Thomas (2008) associates government security systems to being bureaucratic thereby offering ineffective passenger screening hassle. The bureaucracy inhibits identification, risk evaluation, the institution of appropriate regulations as well as undertaking transparent auditing exercise for performance adjustments. Furthermore, Thomas (2008) argues that running a government security system results in the creation of excessive as well as staff duplication leading high-cost expenditures. The state operated aviation safety would not perform best as most of the governments focus more on human resource business instead of concentrating on the mission to offer world class security and better coordination intelligence. In a study of Rabkin and United States (2004), Thomas (2008) found that embracing state-owned and run aviation safety systems can potentially give rise to bias towards spending government money on new and unvetted security technologies. Employment of the state-run security system can lead to expensive failures such as insufficient allocation of resources based on cost-benefits analysis as well as detailed risk evaluation. The inefficiency can result in devastating consequences in the event of an insecurity incidence. Thomas (2008) associates government security mechanisms to gaps such as the inability to implement security programs and performance evaluation for lack of detailed risk analysis.

Pros of using private security

Rabkin and United States (2004) argue that private system of aviation safety performs best. The contracted firms can exercise covert testing, screening for anecdotal information and undertake independent evaluation without any form of external influence. Thomas (2008) states that utilizing private screening professionals serves as the best aviation security option. A study in U.S showed that privately contracted firms gave better results than government security systems. Using a privately operated security organization would save the taxpayers significant amount of dollars that the government can channel to constructive development projects.

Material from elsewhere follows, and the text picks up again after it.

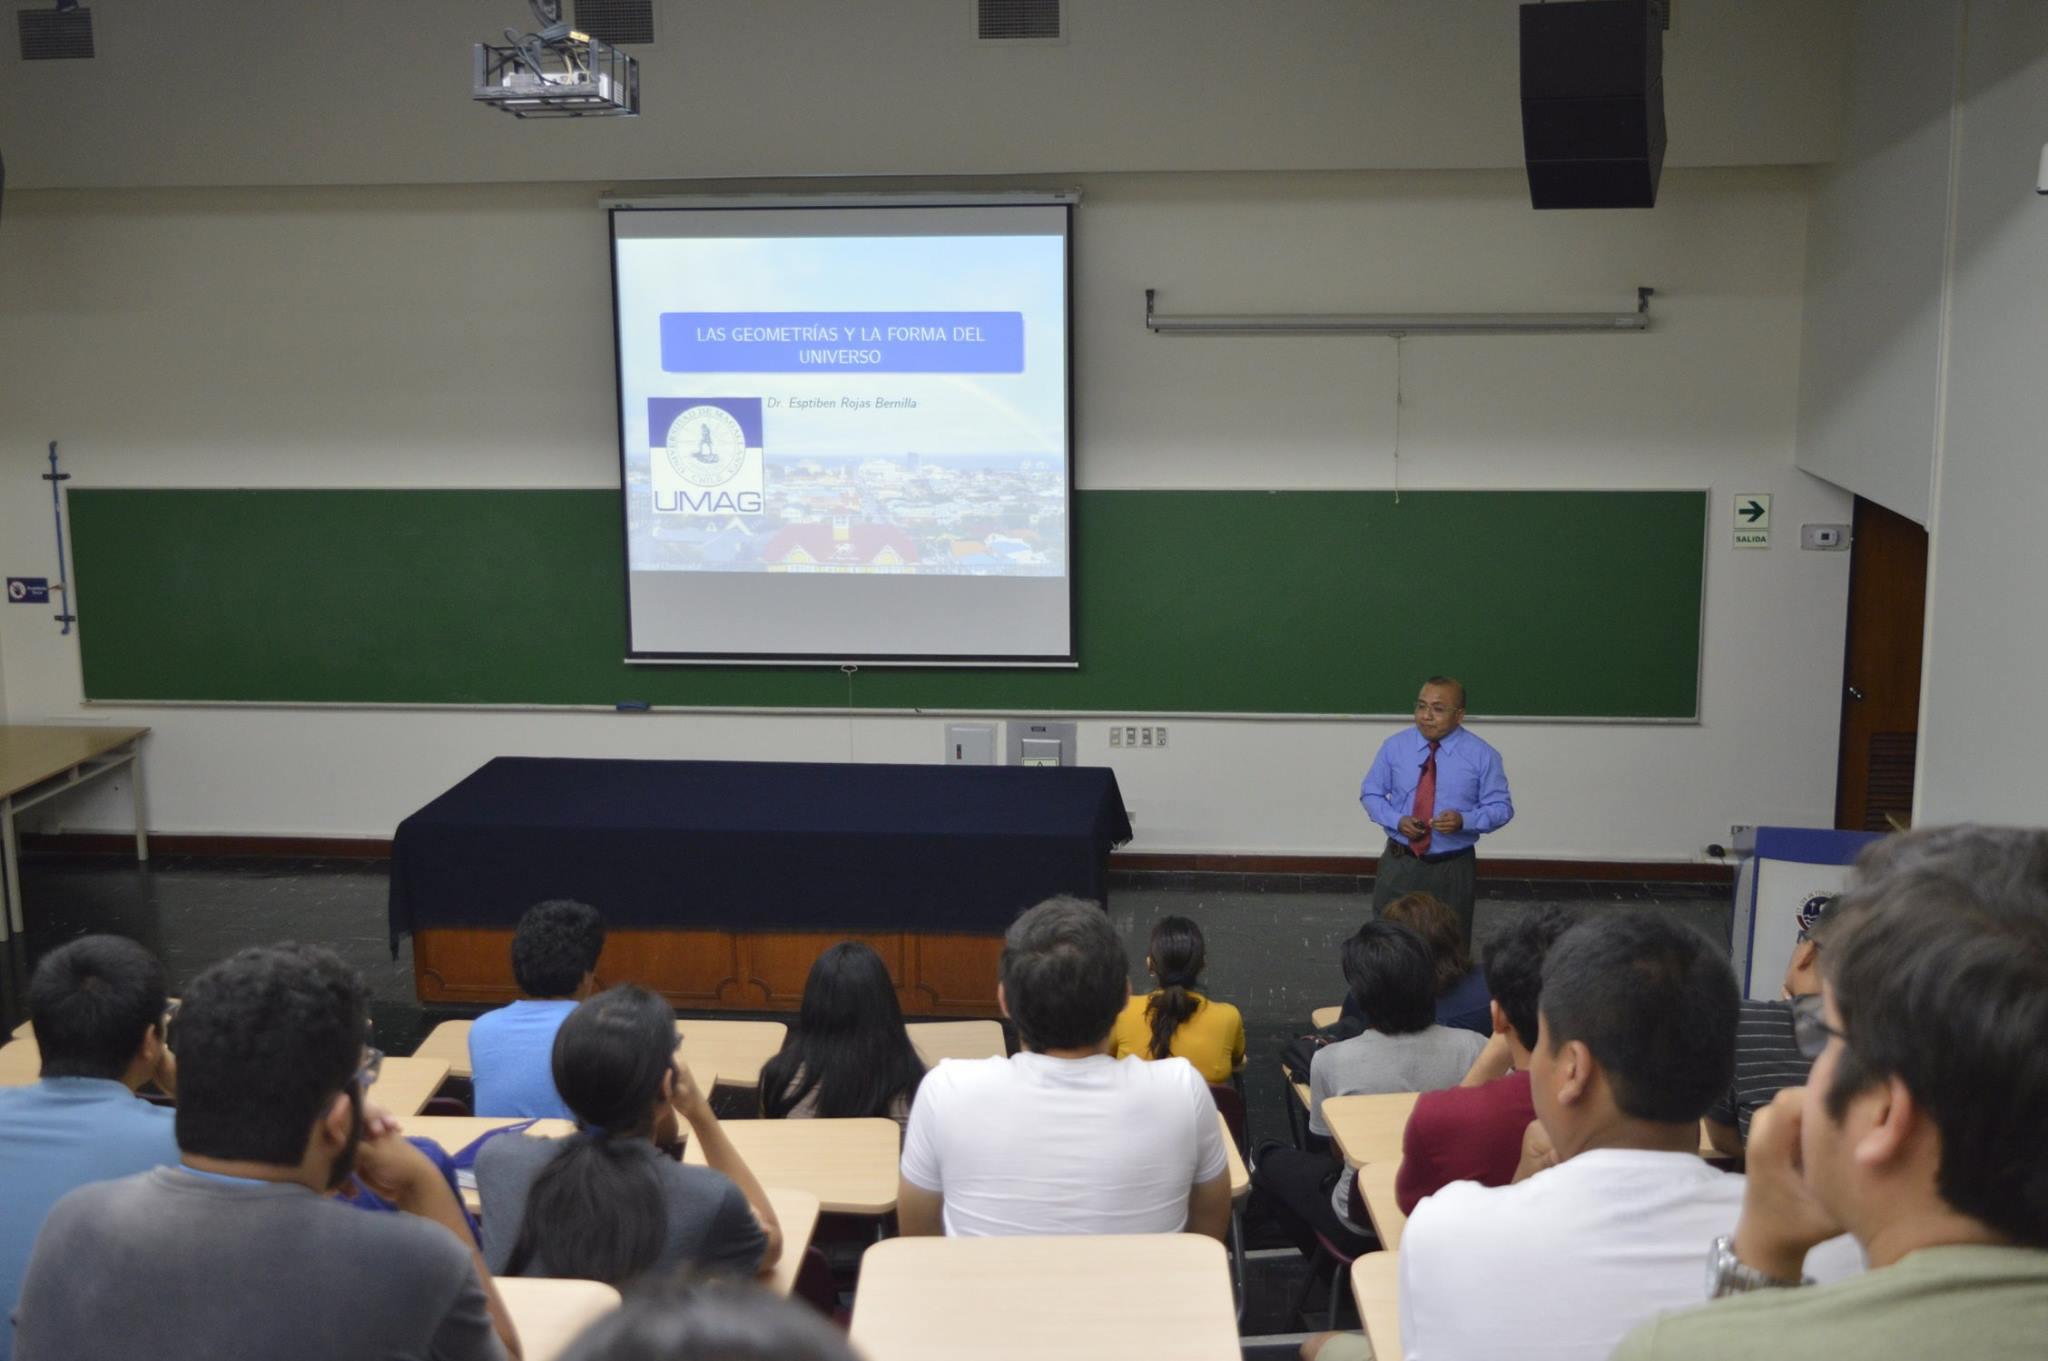 Profesor participó en coloquio de Matemática y Física en Perú

Rabkin and United States (2004) moreover reveal that private sector screeners have better, and collective bargaining options compared to government operated security mechanisms. The firms’ independence makes it possible to deploy assets effectively to deter insecurity plots such as theft and potential terrorist attacks. Privatising aviation safety enables program flexibility and adapting to local, regional as well as international passenger needs. The independence associated with the private firms’ allow efficient intelligence gathering, data sharing and deployment of new screening technologies.

The cons of privately owned systems

Rabkin and United States (2004) however links some drawbacks to adopting privately owned and operated security organizations. The policy as Thomas (2008) argues subverts the intent of the law. Employing private security organization costs more than maintaining a government system. The airports that have contracted the private organizations have to pump enormous amounts of cash for the firm’s operation activities. Using privately owned and operated security companies would jeopardize the safety of the airports because the organizations focus more on raising profit by reducing staff and undertaking skimp on training at the expense of the passenger’s safety (Rabkin and United States, 2004).

References

Rabkin, N. J., & United States. (2004). Aviation security: Improvement still needed in federal aviation security efforts. Washington, D.C.: U.S. General Accounting Office. N.p.

Thomas, A. R. (2008). Aviation security management. Westport, CT: Praeger Security International. N.p.